Tuesday, October 16, 2018

Teaching Ring around the Rosie: Rigorous Questions and Texts Aren't the Answer

Most of the time, when I look at the work people are doing with the new TEKS for ELAR, I see that thinking isn't really addressed. I watched a video recently that had some good ideas that I'd like to take further.


Dr. Gibson presented the classic sing-song poem, Ring around the Rosie to establish that the text is simple, but the understanding of the text is not. To really understand this piece, one must ask WHEN this was written and WHY it was written. She then explained the macabre meaning of the text.

The WHEN and WHY are directly connected to specific strands in our new TEKS:

  • Inquiry and Research:listening, speaking, reading, writing, and thinking using multiple texts. The student engages in both short-term and sustained recursive inquiry processes for a variety of purposes. 
  • Author's Purpose and Craft: listening, speaking, reading, writing, and thinking using multiple texts. The student uses critical inquiry to analyze the author's choices and how they influence and communicate meaning within a variety of texts. The student analyzes and applies author's craft purposefully in order to develop his or her own products and performances. 
But here's where the problem begins: 

Most of the time...in the past maybe...teachers addressed this by telling kids the historical background of the text. (I've seen some great and engaging lectures and powerpoints on the background of King Lear and Fahrenheit 451.) Teachers explain the when and the why. But how is a reader supposed to know that there is something more to know about the text? How does the reader know how to think about a text? How is the reader supposed to know that there might be something more to consider? 

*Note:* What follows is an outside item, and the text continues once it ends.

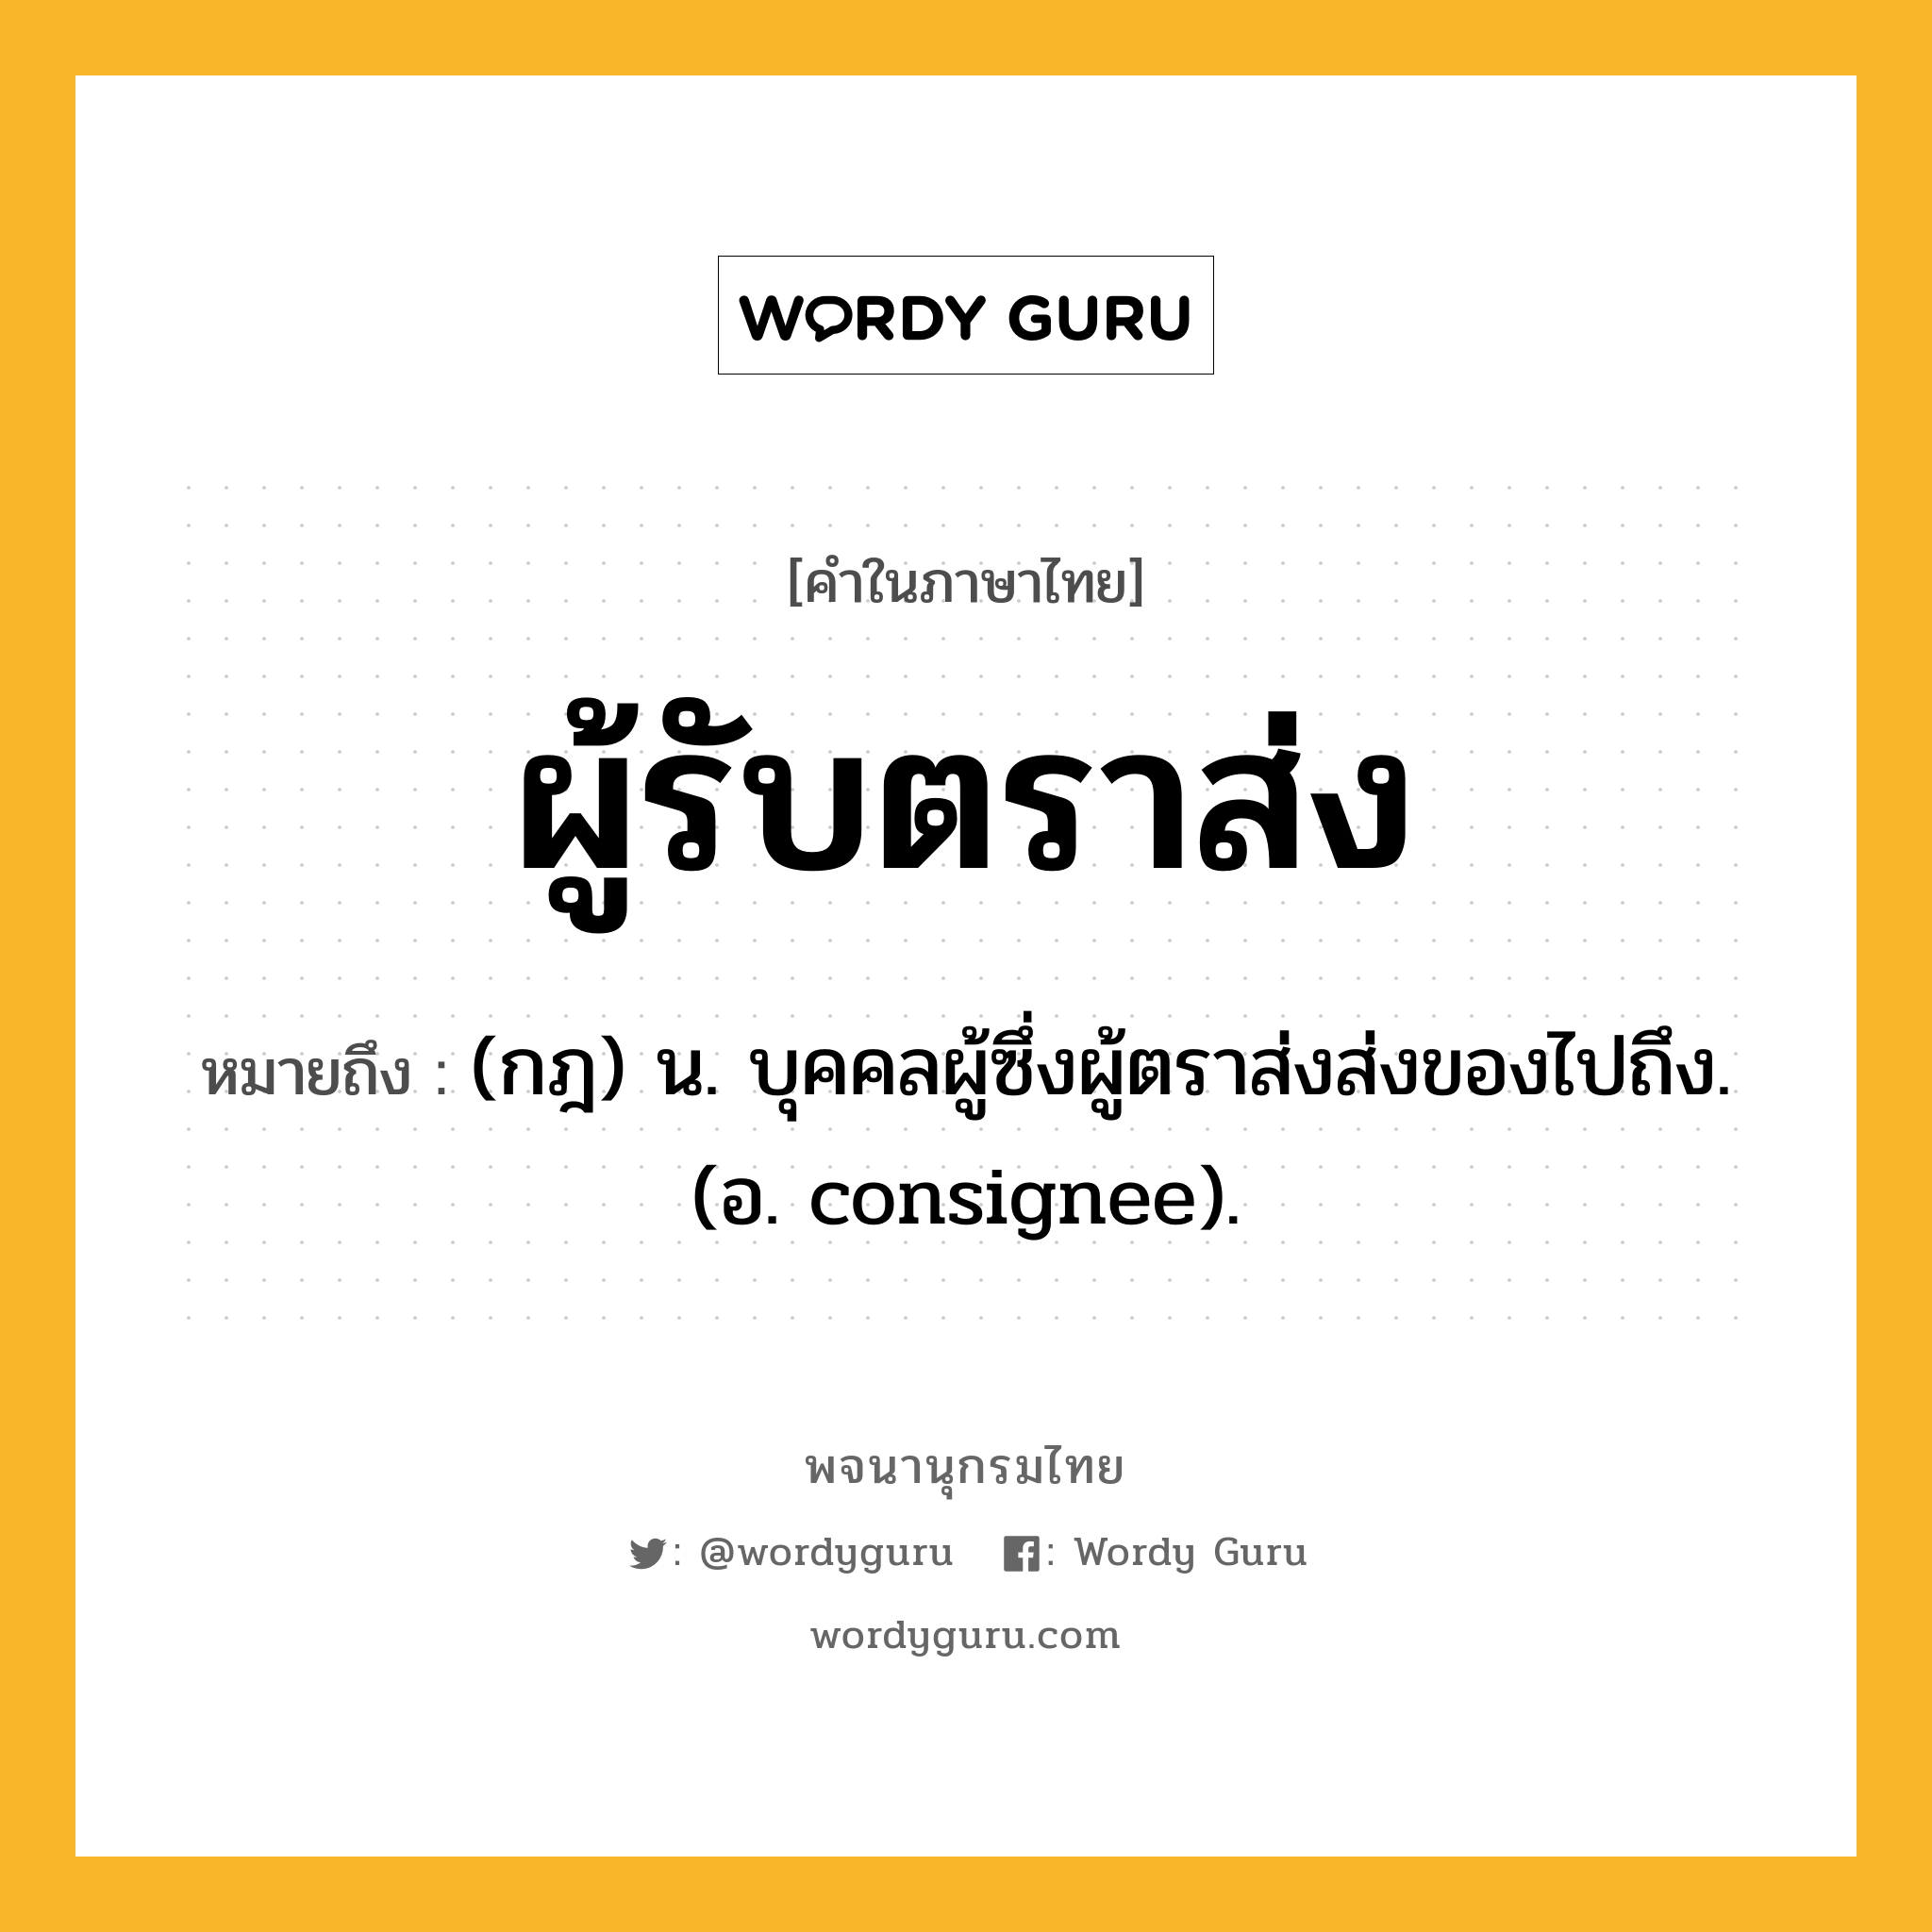 ผู้รับตราส่ง หมายถึงอะไร?, คำในภาษาไทย ผู้รับตราส่ง หมายถึง (กฎ) น. บุคคลผู้ซึ่งผู้ตราส่งส่งของไปถึง. (อ. consignee).
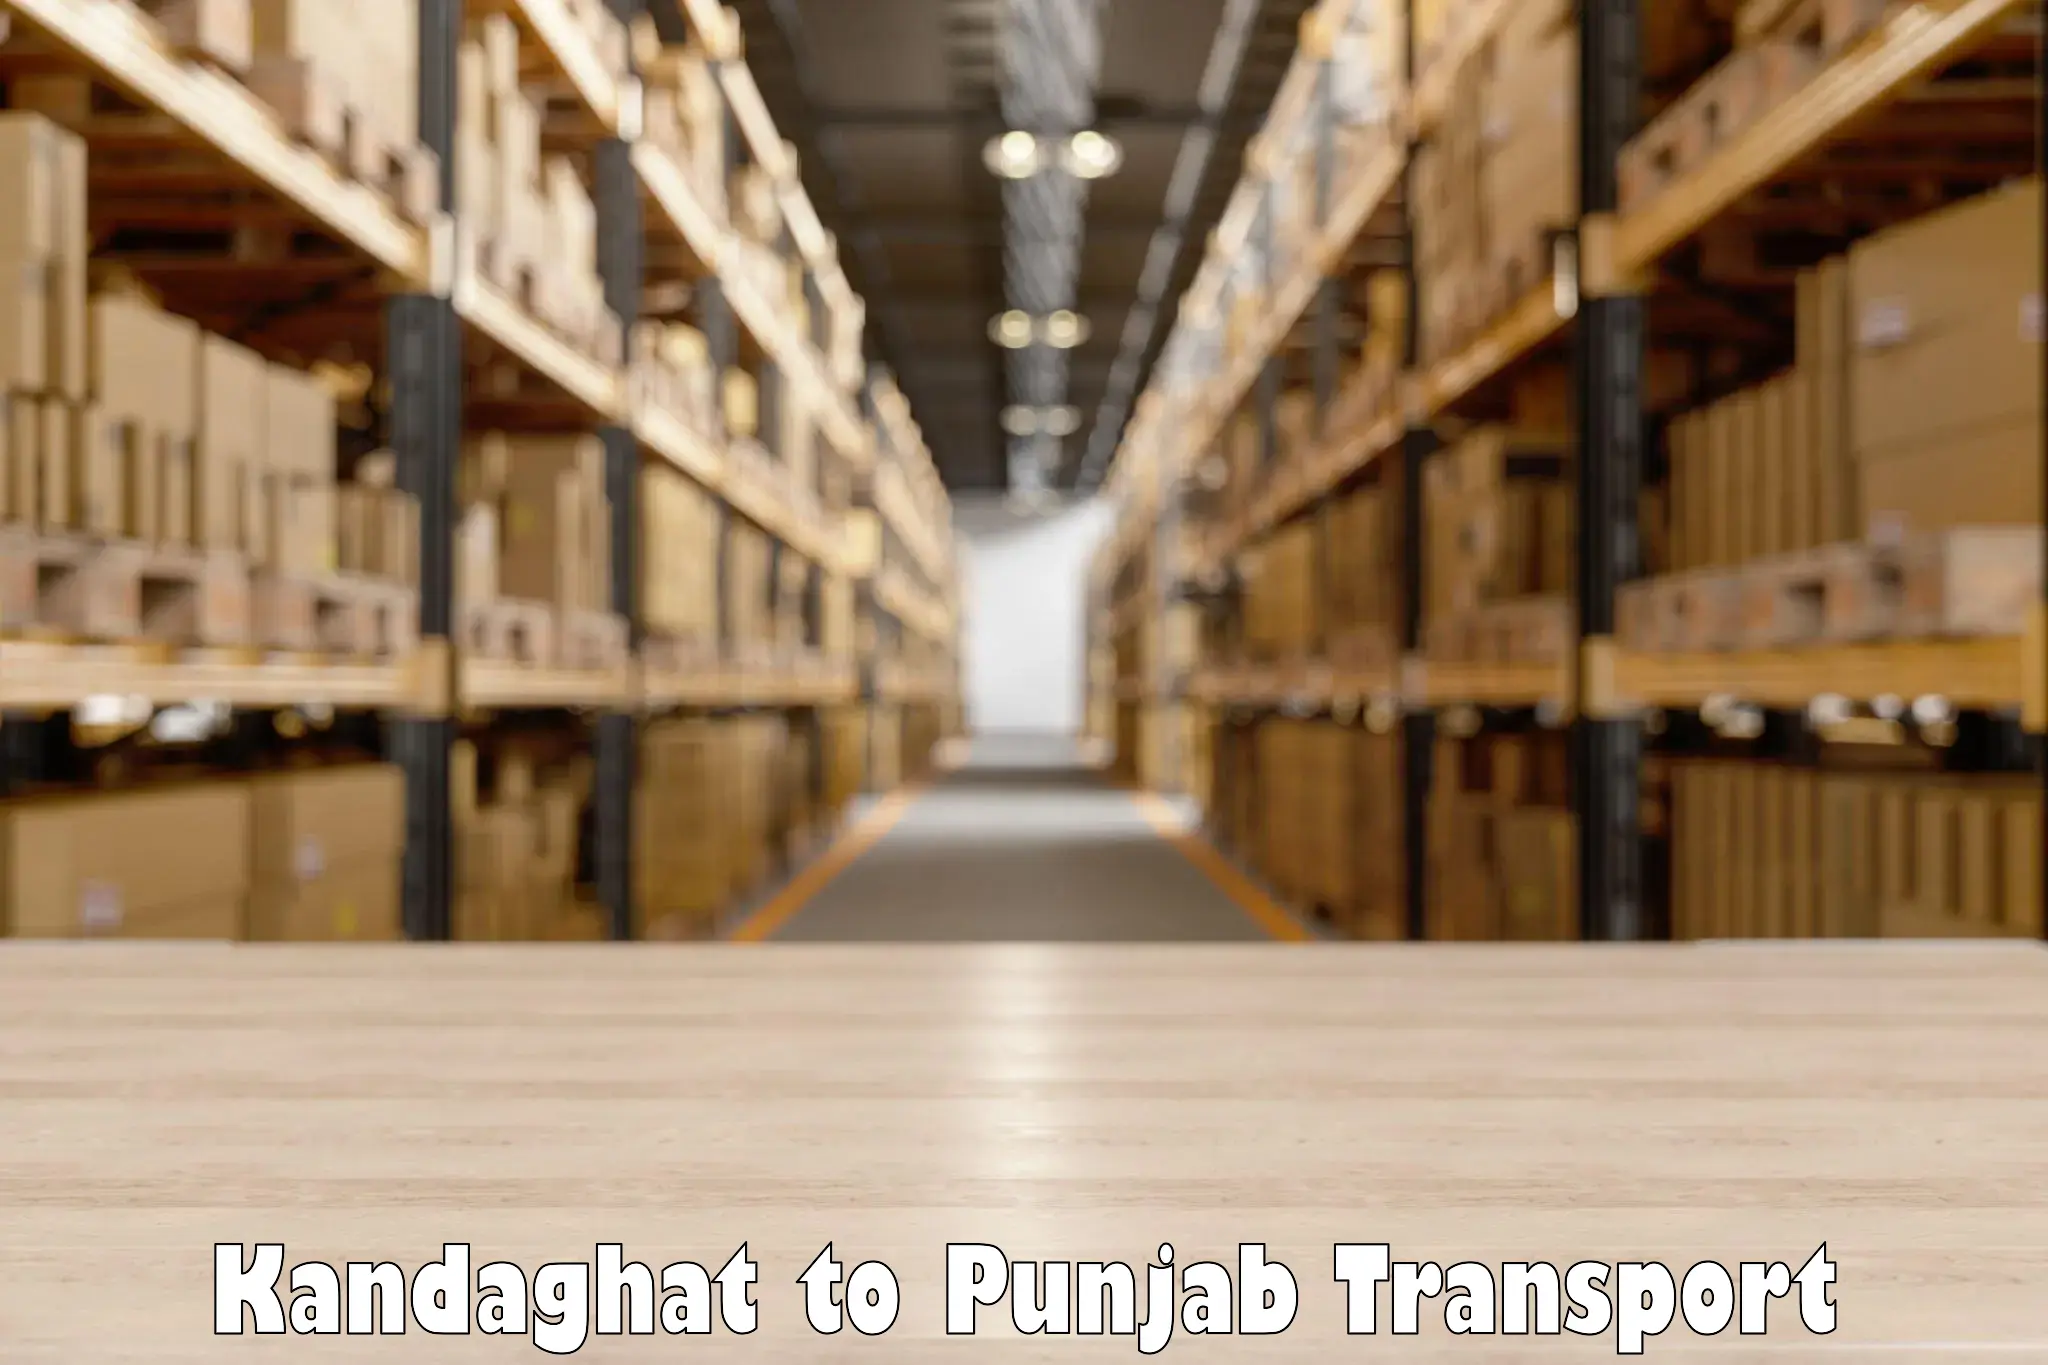 Interstate transport services Kandaghat to Jalandhar

Without examination and explicit teaching of how one processes and analyzes texts, we are teaching Ring around the Rosie and NOT our standards. How can we teach students to know when Inquiry and Research are warranted to aid comprehension and analysis? How does one use Author's Purpose and Craft to reveal the meaning? 

If we don't figure this out, when kids encounter a more complex text, they will - again - be relying on the teacher to give the background and context of the work or continue in uniformed oblivion about the text's purpose and message as well as how a critical reader uses inquiry, multiple texts, and connections to craft meaning. 

While I agree with the premise of the video (that we can use simple texts to teach complex thinking skills for the first exposure), I do not think that asking complex questions about simple texts is going to be any more fruitful than holding hands and singing Ring around the Rosie as we fall on the ground and pretend to be dead. We might as well be.


Task levels focus on the whether something is right or wrong, the content of the text or task. Process levels focus on how something is done, how we know, the thinking. Self-extending levels focus on the awareness a person needs to identify problems and what needs to be done next. Don't we need students to be able to understand HOW they comprehend and read? Don't we need students to be the ones who notice and respond when something isn't working. 

Here are some of the questions posed in the video about Dr. Seuss' Yertle the Turtle. All of these questions focus on the CONTENT of the text and nothing to do with how one would do something similar if given another text. 

1. What is the author's purpose for writing the story? Why would I care or want to know? How would I figure that out if I wanted to? 
2. What is the main idea not stated in the text? There's an idea not stated? How did I miss that? What would I look for so I'm not fooled next time? How did the author slip that in there without me noticing? 
3. How does the theme apply to leadership today? The question tells the students exactly which pieces of content to focus on to make the connection. What happens when no one is there to tell them to focus on leadership? What happens if there is another possibility? 
4. What environment represents the pond? Again, the question focuses on the content of the text As a reader, how would I know to ask that question if the teacher wasn't there interrogating me through the text? A better question might be phrased like this: Authors use the setting on purpose to help you make connections to their message or theme. When you look at the setting, what are you noticing that might give you a hint about what the author is trying to convey? 
5. Who could be Yertle in your world? Again...asking content questions. These questions and the discussion that follow will not help readers navigate the SKILL - the THINKING -  required to answer the question. Students will not understand what they are supposed to do and notice when they read the next text, especially a text that's harder to read than Yertle the Turtle. 


No wonder kids aren't transferring their learning to new and more complex texts. We aren't teaching them how to do so! 

I loved these two quotes from the video: 
  • "Cognitive demand is about the complexity of the task and the mental processing required to complete it." 
  • "Rigor is measured by depth of understanding." 

Agreed - but the examples shown in the video STILL don't get us to the ideals expressed in the truths of these quotes. 

Asking leading and funneling questions to students about texts that have answers directly related to that text alone will not lead to the ability to transfer that skill to another text. Simply said: asking questions about the text itself - the content - are not going to work. It doesn't  matter what level they are on Blooms. It doesn't  matter what DOK you assign them. It's not about Ring around the Rosie, or Yurtle the Turtle, or King Lear. Y'all, it's about teaching people what to do, what to ask themselves, and how to THINK with any text.